監督
エドワード・ベルガー
ジャンル
ミステリー
出演
レイフ・ファインズ
スタンリー・トゥッチ
ジョン・リスゴー
イザベラ・ロッセリーニ
鑑賞方法
映画館 ミニシアター
なんだか近くの映画館で普段利用するところではやってなくて、昨年リニューアルオープンしたミニシアターに行くことに。
大手シネコンでもやっていたんだけどかかってるスクリーンが小さくてミニシアターより箱が小さかったのでそれなら・・・という感じで。
で、びっくりしたのが何と早めに行ったのに満席の案内。
予約しておいてよかった。久しぶりですよ満席の映画館なんて。
で、まるで全盛期のMCU映画のような熱気を感じながら臨んだのがオールジジイキャストとでもいうべき『教皇選挙』。
なぜかアルファベットの「I」の字だけ色が違う謎のオープニングクレジットで幕を開けたこの映画、冒頭はみんな爺さんで、服装も似たような僧侶の服装をしているので誰が誰か見分けつかんかも、と心配しましたがだんだん注目すべき人物が絞れてきてその人物は必ず名前を呼ばれたらアップで画面に映るので一安心。
そのうち見わけもついて無事ストーリーに没頭できるように。
何しろミステリー映画なのでそこが追えてないと楽しめないですからね。
世界中のほとんどすべての人が知らないバチカンの内部を映す映画だけに、海外の映画に出てくる忍者のような誇張もずいぶんありそうだということはさすがにわかりましたが、その分早々に、”これは漫画のようなフィクション寄りの話なんだと理解ができました。
ただ、人物設定はかなりリアルで、前教皇がかなりの改革派だったこと、その教皇の死によって、側近中の側近だった主人公のローレンスはすっかり信仰心が失われてしまっていることなんかが明らかになってゆきます。
次の教皇候補は前教皇とはずいぶん意見が違う保守派のテデスコ、これまた前教皇とは意見が合わないながら有力候補のトランブレ、教皇に即位すれば初の黒人教皇となるアデイエミ、そしてローレンスと同じく前教皇の側近中の側近だった主人公の盟友ベリーニ、そして前教皇が存在を伏せて秘密裏に枢機卿に任命していたといういかにもミステリー映画らしい設定で戦乱の地アフガニスタンのカブールから選挙に参加してきたベニテス。

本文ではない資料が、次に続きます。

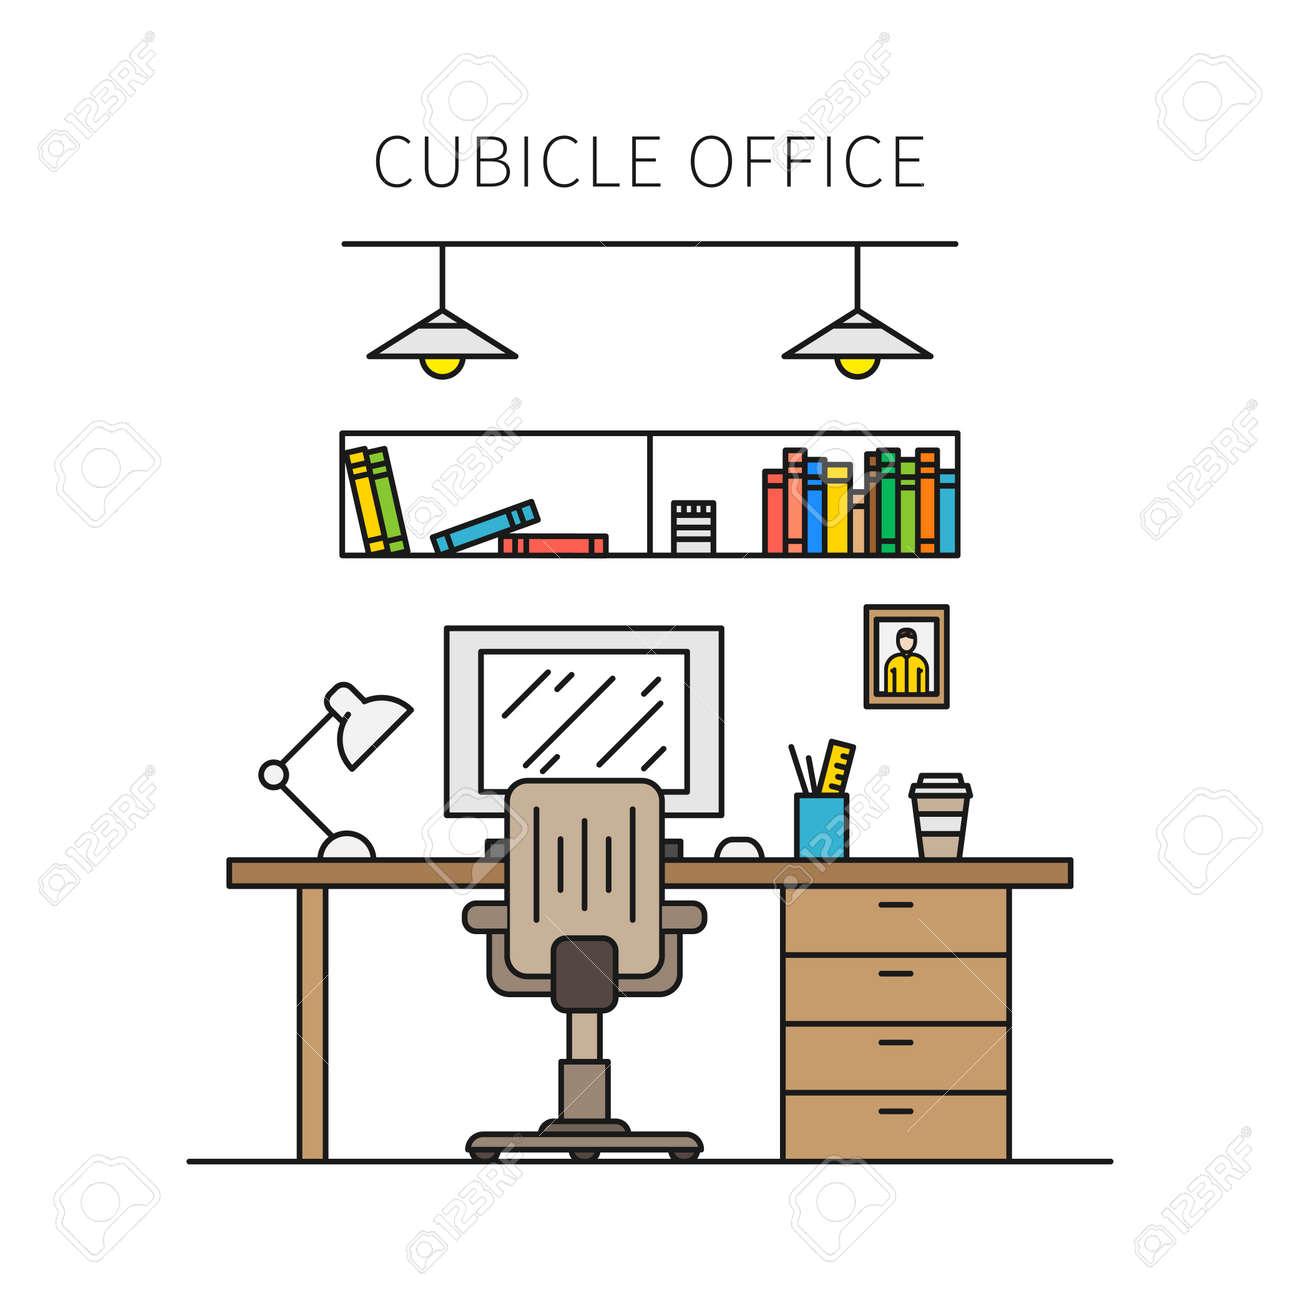 Concepto Y Ilustración De Equipos Cubículo VectorialIndividual La Oficina Lugar LámparaEscritorioMesaSilla Trabajo Muebles Con m0Nwnv8

彼らから一人の教皇が選ばれるまで選挙は密室状態で何度も繰り返されるというから気分はやっぱりミステリー小説を読んでいるときのような感じになります。
教皇を選ぶということで、もっと宗教色の強いものかもと思っていた印象自体は、映画の随所に登場する「そんなわけないやん」という描写、例えば指輪の金具を外すためだけのための仰々しい道具、亡き教皇の部屋を封印するのにつかわれるシーリングワックスとかで薄れて、『名探偵コナン』のような謎解きがメインであること自体は最初にチューニングされるので、レイフ・ファインズ扮するローレンスが候補者たちの教皇にふさわしくない一面を探り当てては徹底的に調べ上げて排除してゆく過程に没頭できます。
最後の最後にはアッと驚くどんでん返しもあり、最後までミステリー映画の楽しさを徹底的に味わわせてくれる作品でした。
まあ、とにかく服装が登場人物ほぼ全員が枢機卿という偉いさんばっかりなので豪華。
しかもそれを白昼堂々と描くよりは暗い部屋で陰影を強くして撮影しているので、ルネサンス期の宗教画のように重厚で美麗。
おじさん群像劇をこんなに荘厳な絵作りで見せてくれる映画って70年代のマフィアもの以来じゃないかな?
あと、おじさんばかりの中で日の丸弁当の梅干しのようにくっきりしっかりアクセントをつけてくれるのがイザベラ・ロッセリーニ。文字通り紅一点というべき配役ですが、その重責に応えるしっかりした演技でした。
テイストを宗教色を消したり人間の闇を深堀しないライトな感じにした分、120分という尺に収められていたのはいいのですが、個人的にはもう少しポップ寄りではなくて、丁寧に時系列を見せて叙事的な感じに仕上げても良かったんじゃないかな?と感じました。ただそれだと上映時間が150分は必要になるだろうから、最近の上映時間長すぎ問題からするとちょうどいい塩梅だったのだと思います。
レイフ・ファインズとはアカデミー受賞作『シンドラーのリスト』からの付き合い。